Thursday, January 5, 2012
Right Around the Corner
I had to go in town today for an interview at a recruiting agency, which happened to be across the street from the adoption agency A's birthdad and I went through. Like, directly across from it, as in, I had to stare at it during the entire time I was waiting for the woman who was interviewing me. I wondered if I should go in and say hello to the counselor, maybe show her an updated picture or two (since her family and I contact one another directly with full disclosure, nothing goes through the agency), but I didn't know if I would crack. The last time I was in that agency was October 30th, 2010, and I was 9 months pregnant, and G and I were meeting her potential family for the very first time.
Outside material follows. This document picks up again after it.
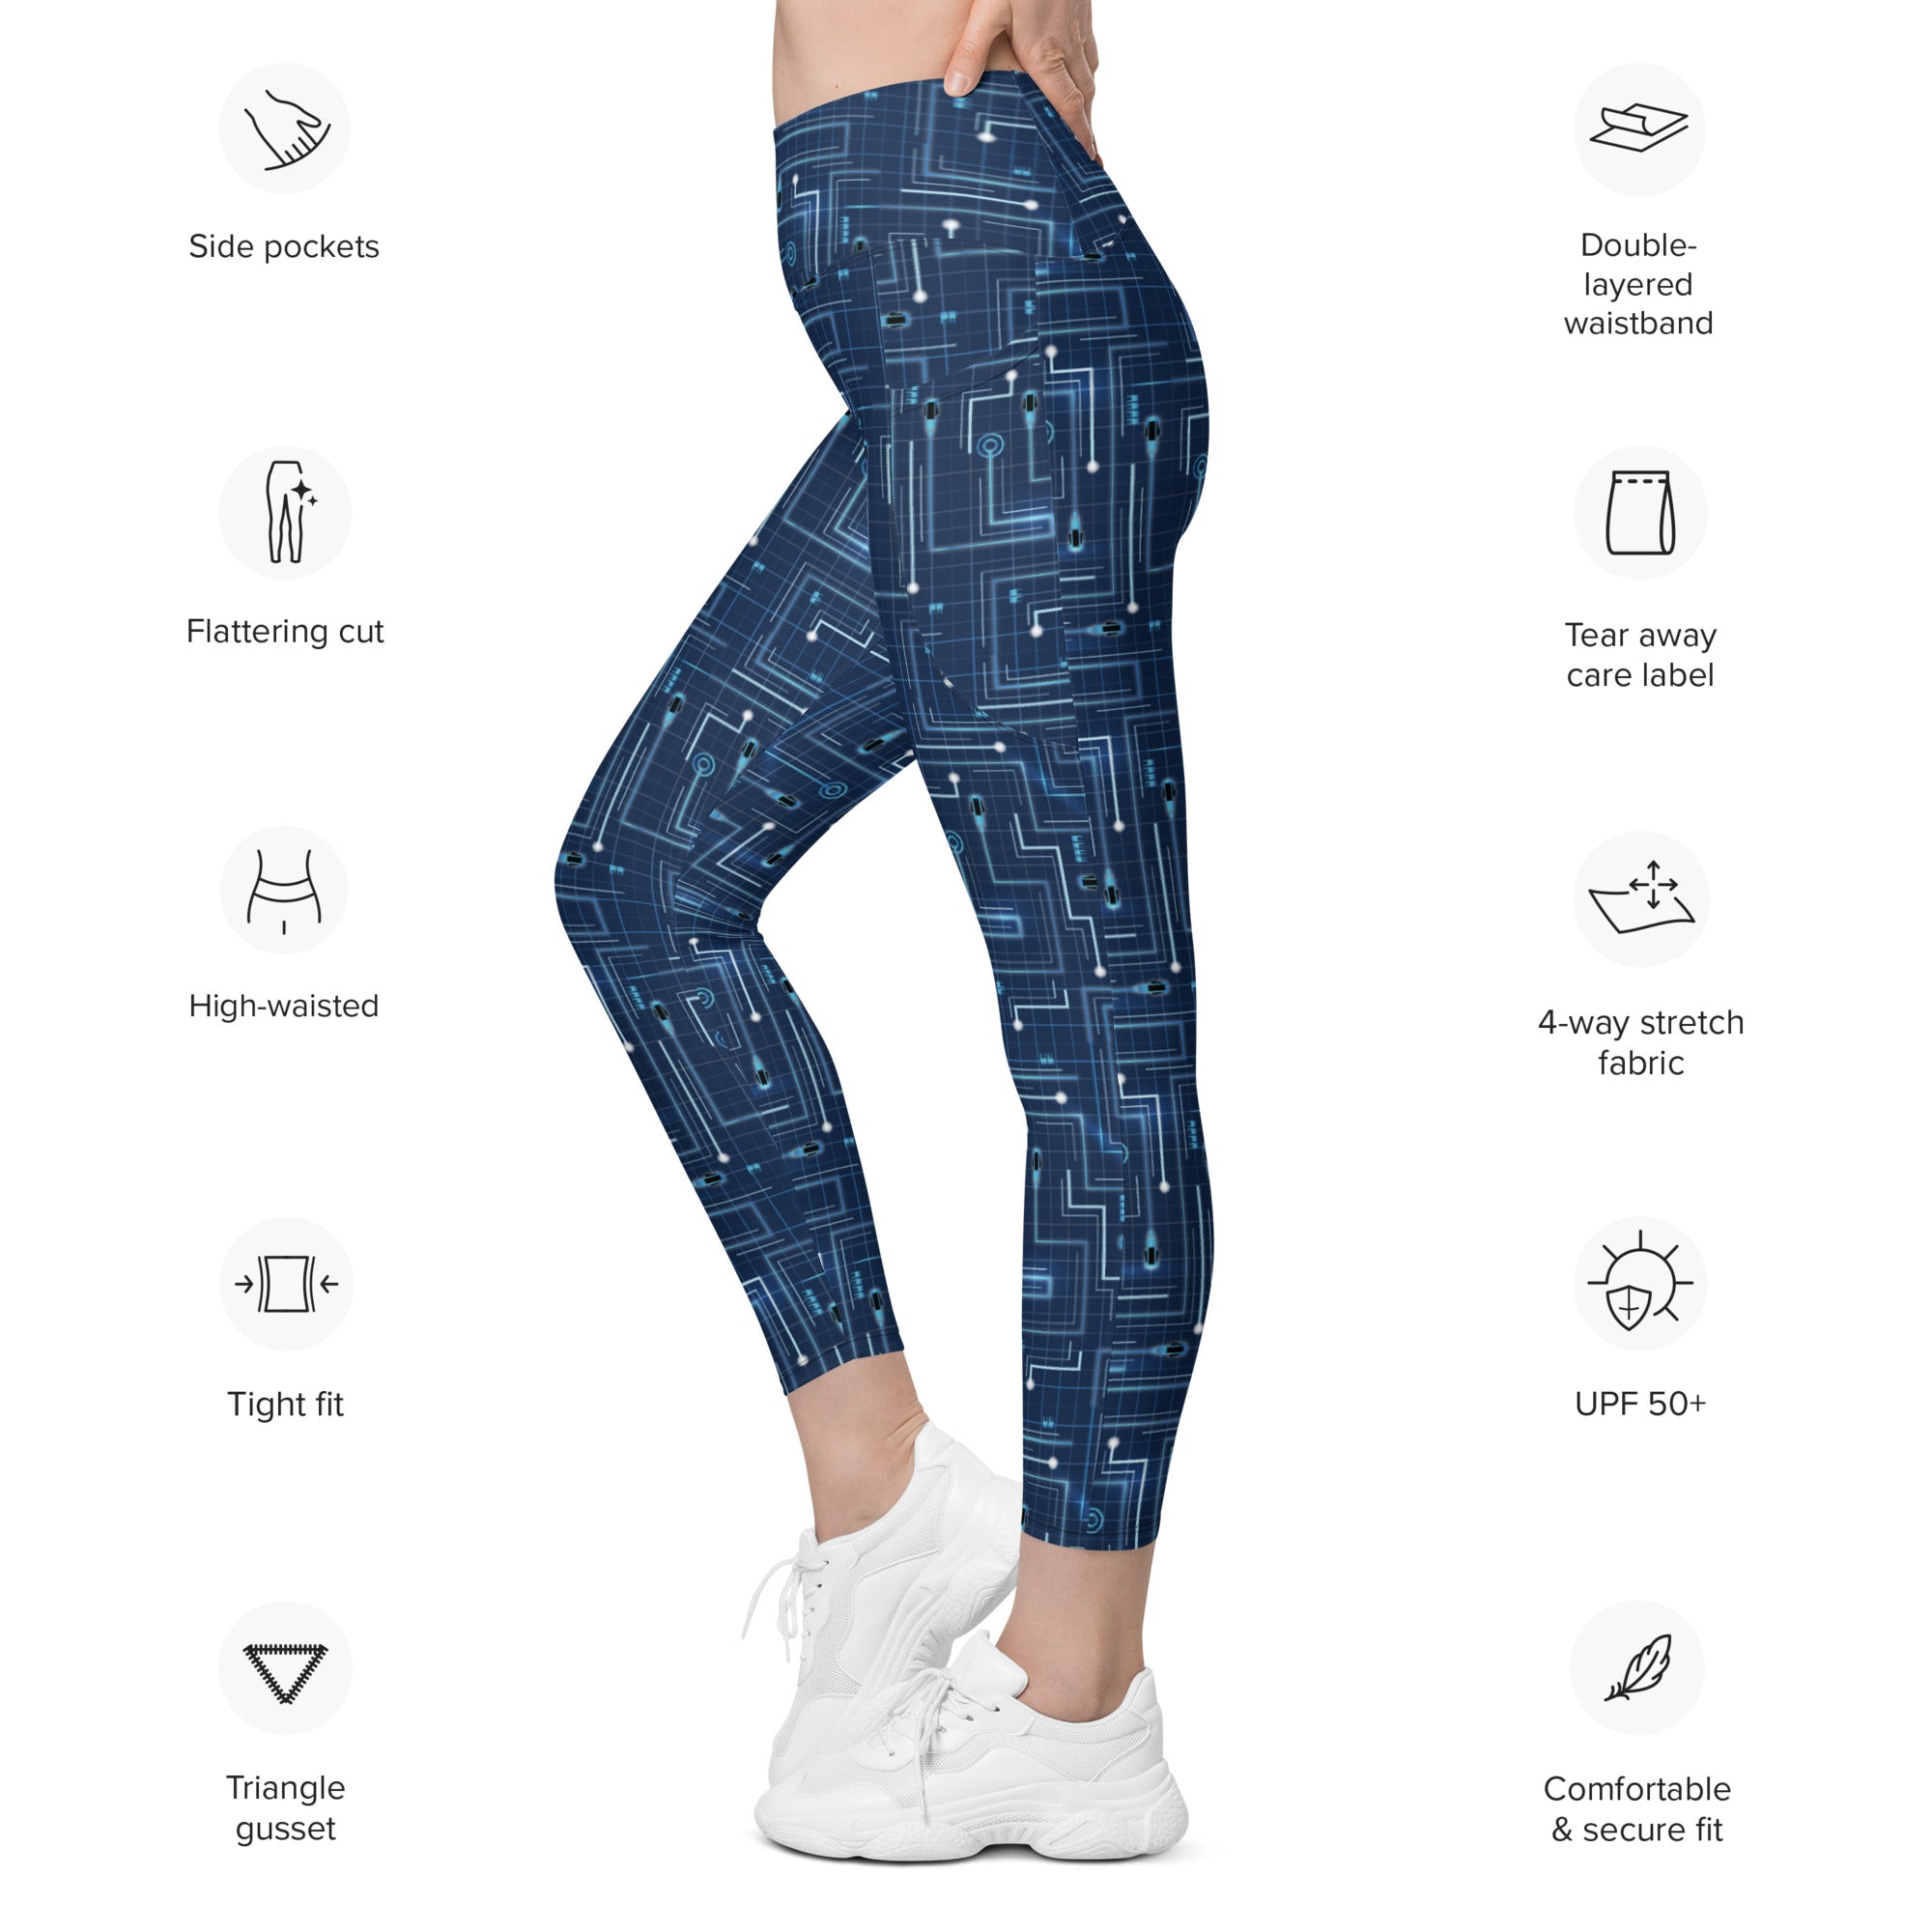 Women's Leggings Pattern With Stretch Fabric, High Waist, Plus

Last time I set foot in there, he was by my side and I was waddling off the elevator.
Fast forward to my interview being over, and me turning on my tunnel vision and crossing the street and walking through the doors. I went up to the sixth floor, down the hall to the door, and knocked. No one was there. It makes sense, I suppose, if she has no prospective birthparents, she doesn't sit around the office when she can make phone calls from home. I suppose it was a blessing, because I handled being in the building pretty well, but who knows what would have happened if I laid eyes on that tan couch and fake plant which was meant to bring a sense of serenity to those of us who were sitting there in tears. Or if I saw the generic toys in the corner that A's big brother played with during our meeting, while she was still somersaulting in my belly. Who knows?
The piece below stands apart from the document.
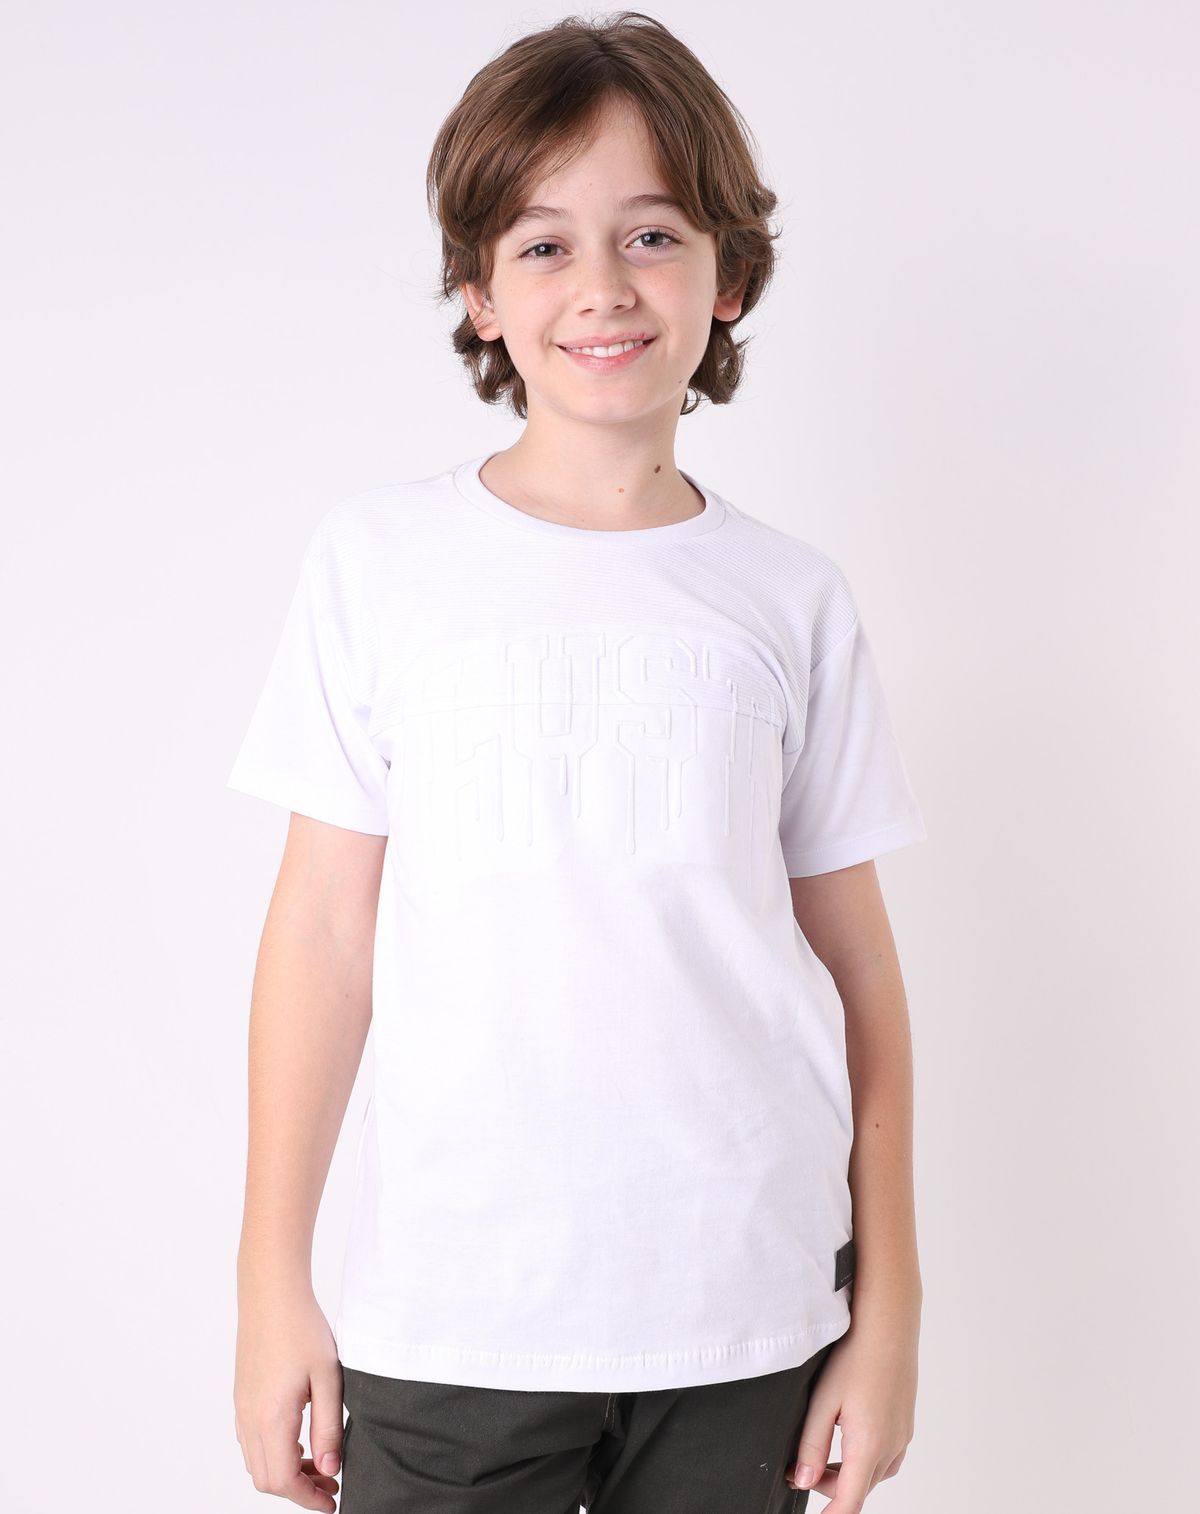 Camiseta Manga Curta Juvenil Menino Relevo branco - 10

I left, walked back to the stop that my public transportation came to, and was sort of lost in my own head. Replaying that October over and over in my head. Consequently, I got on the wrong train (right direction, yet still, the wrong train) and freaked out a little. I've lived here my whole life, but never really relied on public transportation and therefore I get confused (as well as freaked out) easily. I got off at a stop that sounded familiar to me, and despite the fact that I studied the map up and down, I couldn't figure out how to switch trains and get back to where I needed to be. So I called my dad, who knows this entire state practically like the back of his hand, since he owns his own business and works wherever work takes him. I was nearly in tears until he asked me where I was, and when I told him (and threw in that I was getting a little scared, because it was a town with a disturbing crime rate), he said, "okay, don't be scared. You're right around the corner from me."
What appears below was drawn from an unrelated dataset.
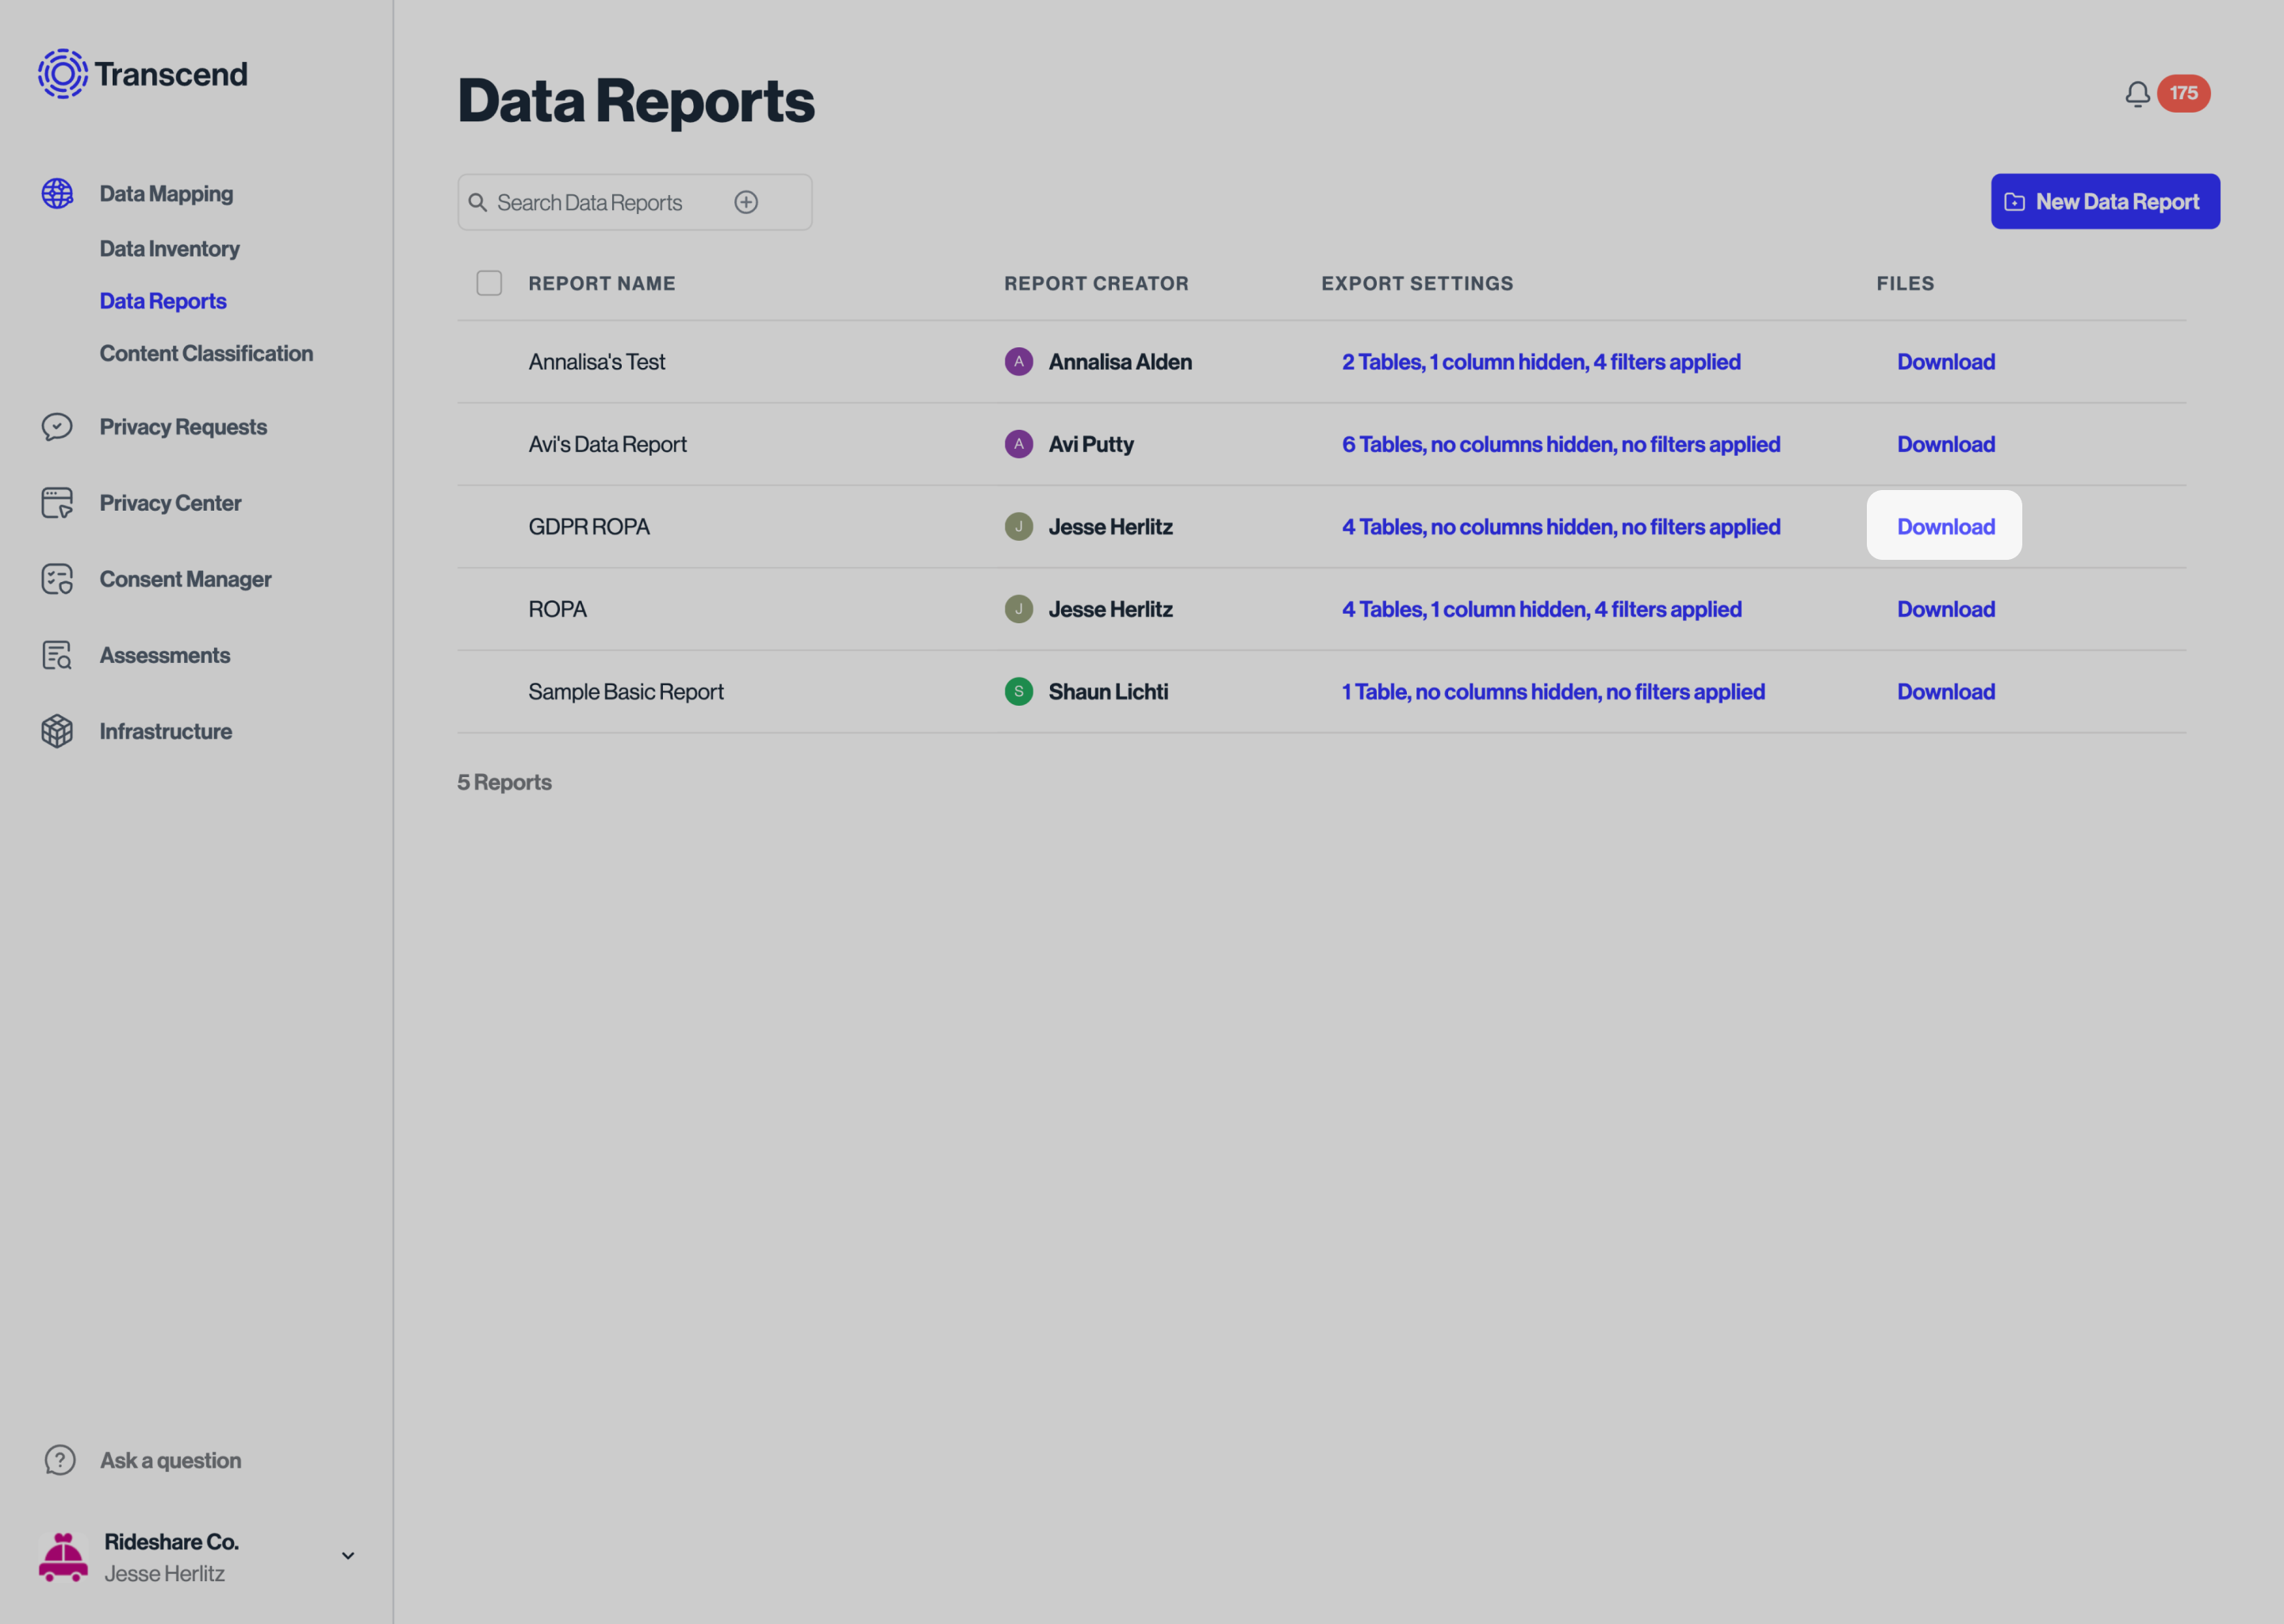 Redownloading a Data Report

I could have cried right then and there, because of how safe I suddenly felt. He couldn't see me, nor could I see him, but knowing he was only 2 minutes away calmed me down like you wouldn't believe. I felt like a little kid again...you know that feeling when your dad's the one driving and you feel invincible? You know there are millions of car accidents a day, but when dad's driving, you're in a car with an invincible shield on it.
It's exactly what I wanted (and got) for my little girl....a dad who is always right around the corner.